▶ _DATASET CONTENT_:

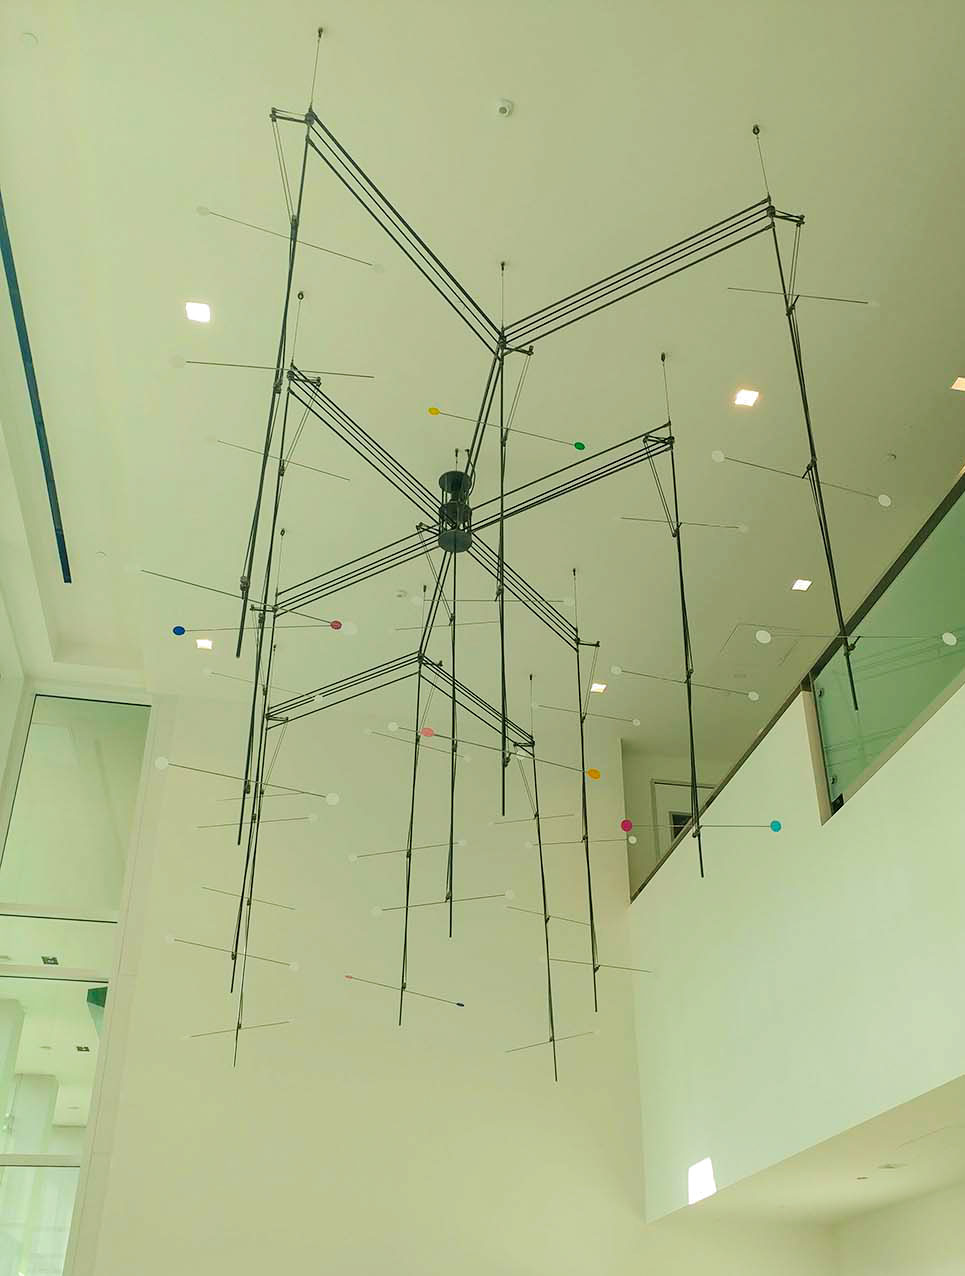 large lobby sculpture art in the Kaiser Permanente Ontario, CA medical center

---

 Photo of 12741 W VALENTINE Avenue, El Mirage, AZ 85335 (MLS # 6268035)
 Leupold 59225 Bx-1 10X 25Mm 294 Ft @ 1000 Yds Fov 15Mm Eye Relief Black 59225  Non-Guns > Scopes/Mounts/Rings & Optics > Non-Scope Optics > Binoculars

...

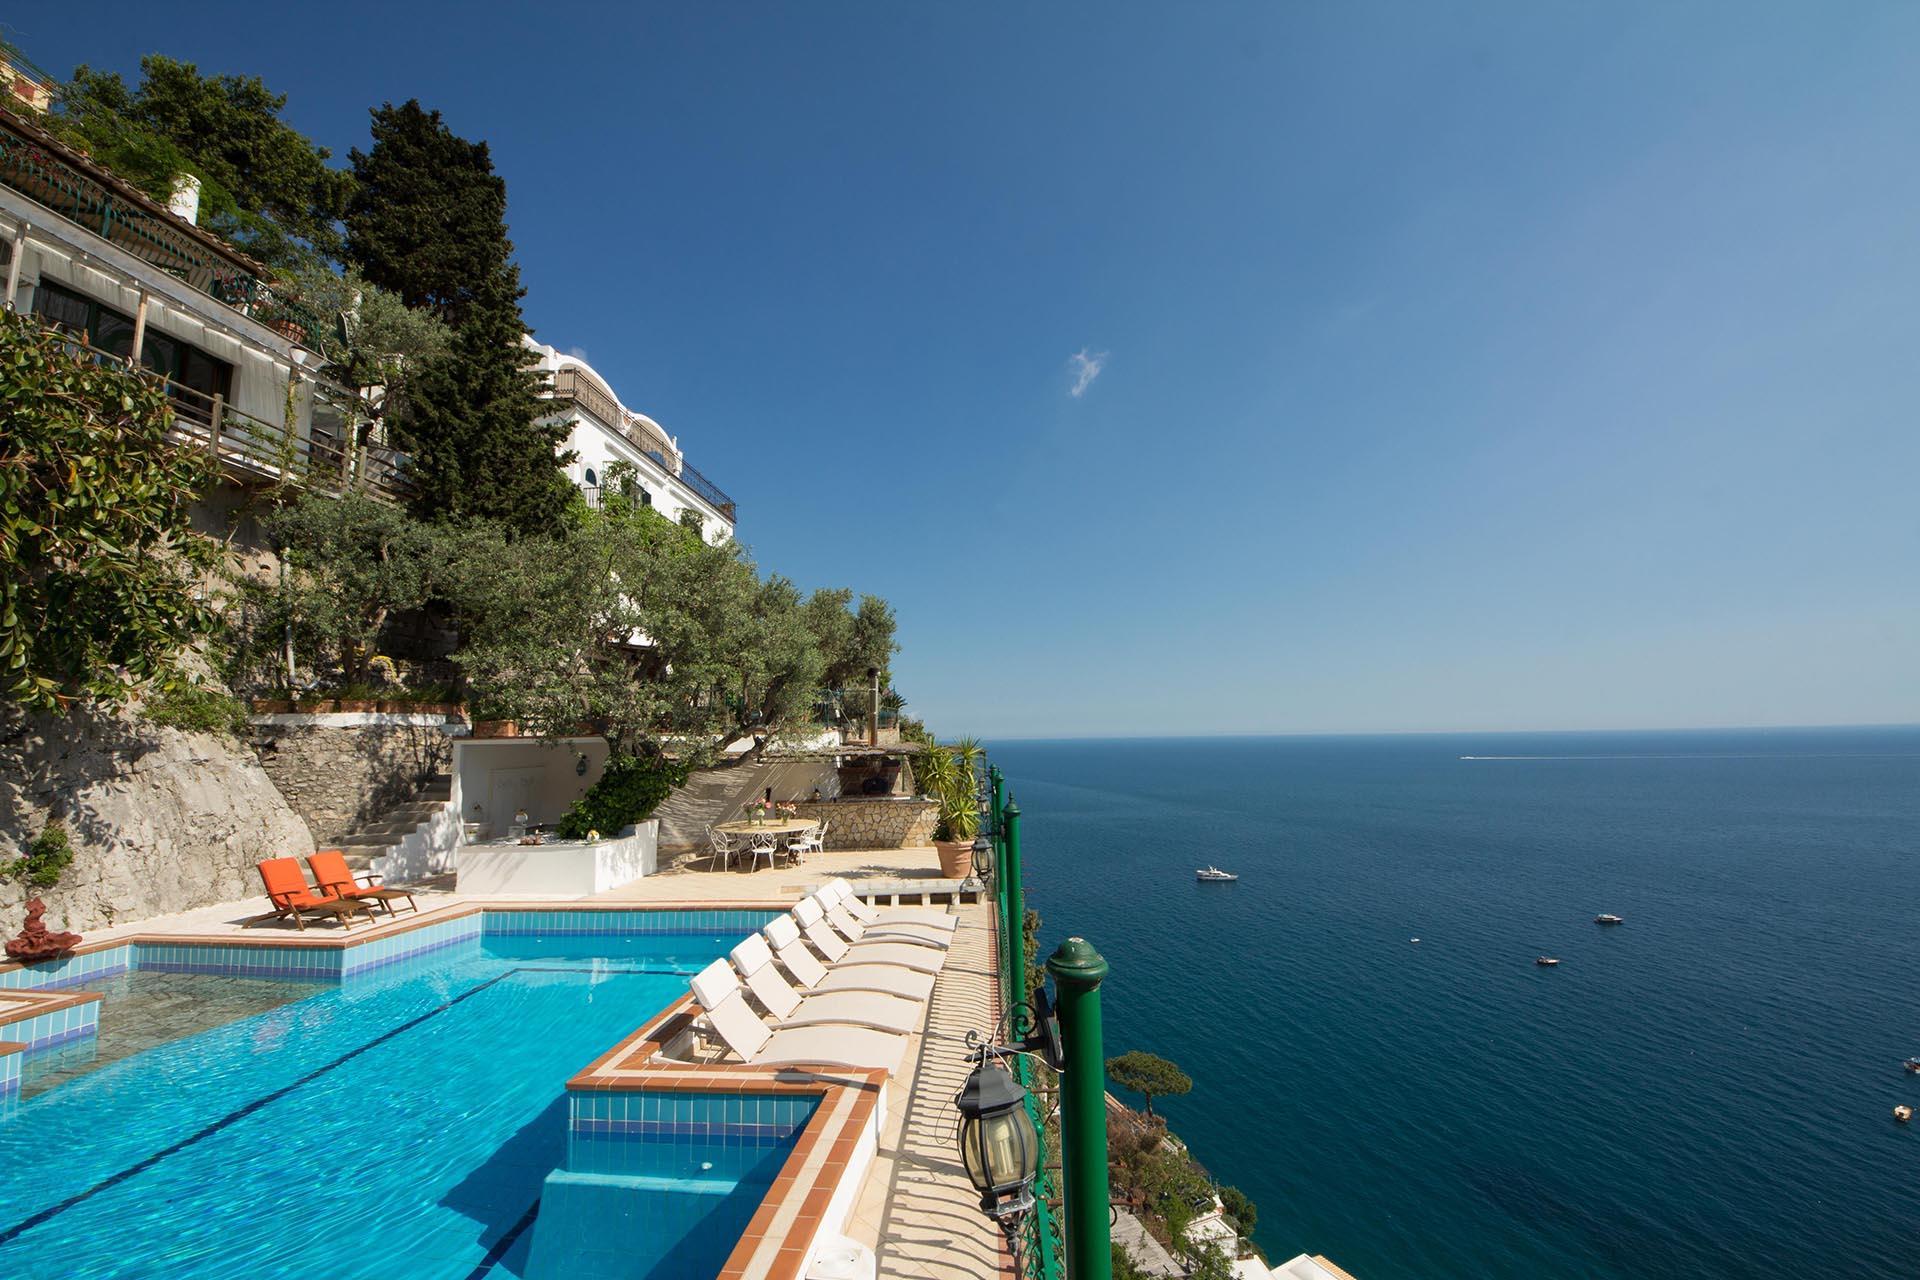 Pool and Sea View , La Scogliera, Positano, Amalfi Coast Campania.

▶ _WHAT TO WORK ON_: From the records above, retype only the lines starting at the line that contains "Photo of 12741" and ending at the line that contains "Leupold 59225 Bx-1", both included.

▶ _SOLVED EXERCISE_:
 Photo of 12741 W VALENTINE Avenue, El Mirage, AZ 85335 (MLS # 6268035)
 Leupold 59225 Bx-1 10X 25Mm 294 Ft @ 1000 Yds Fov 15Mm Eye Relief Black 59225  Non-Guns > Scopes/Mounts/Rings & Optics > Non-Scope Optics > Binoculars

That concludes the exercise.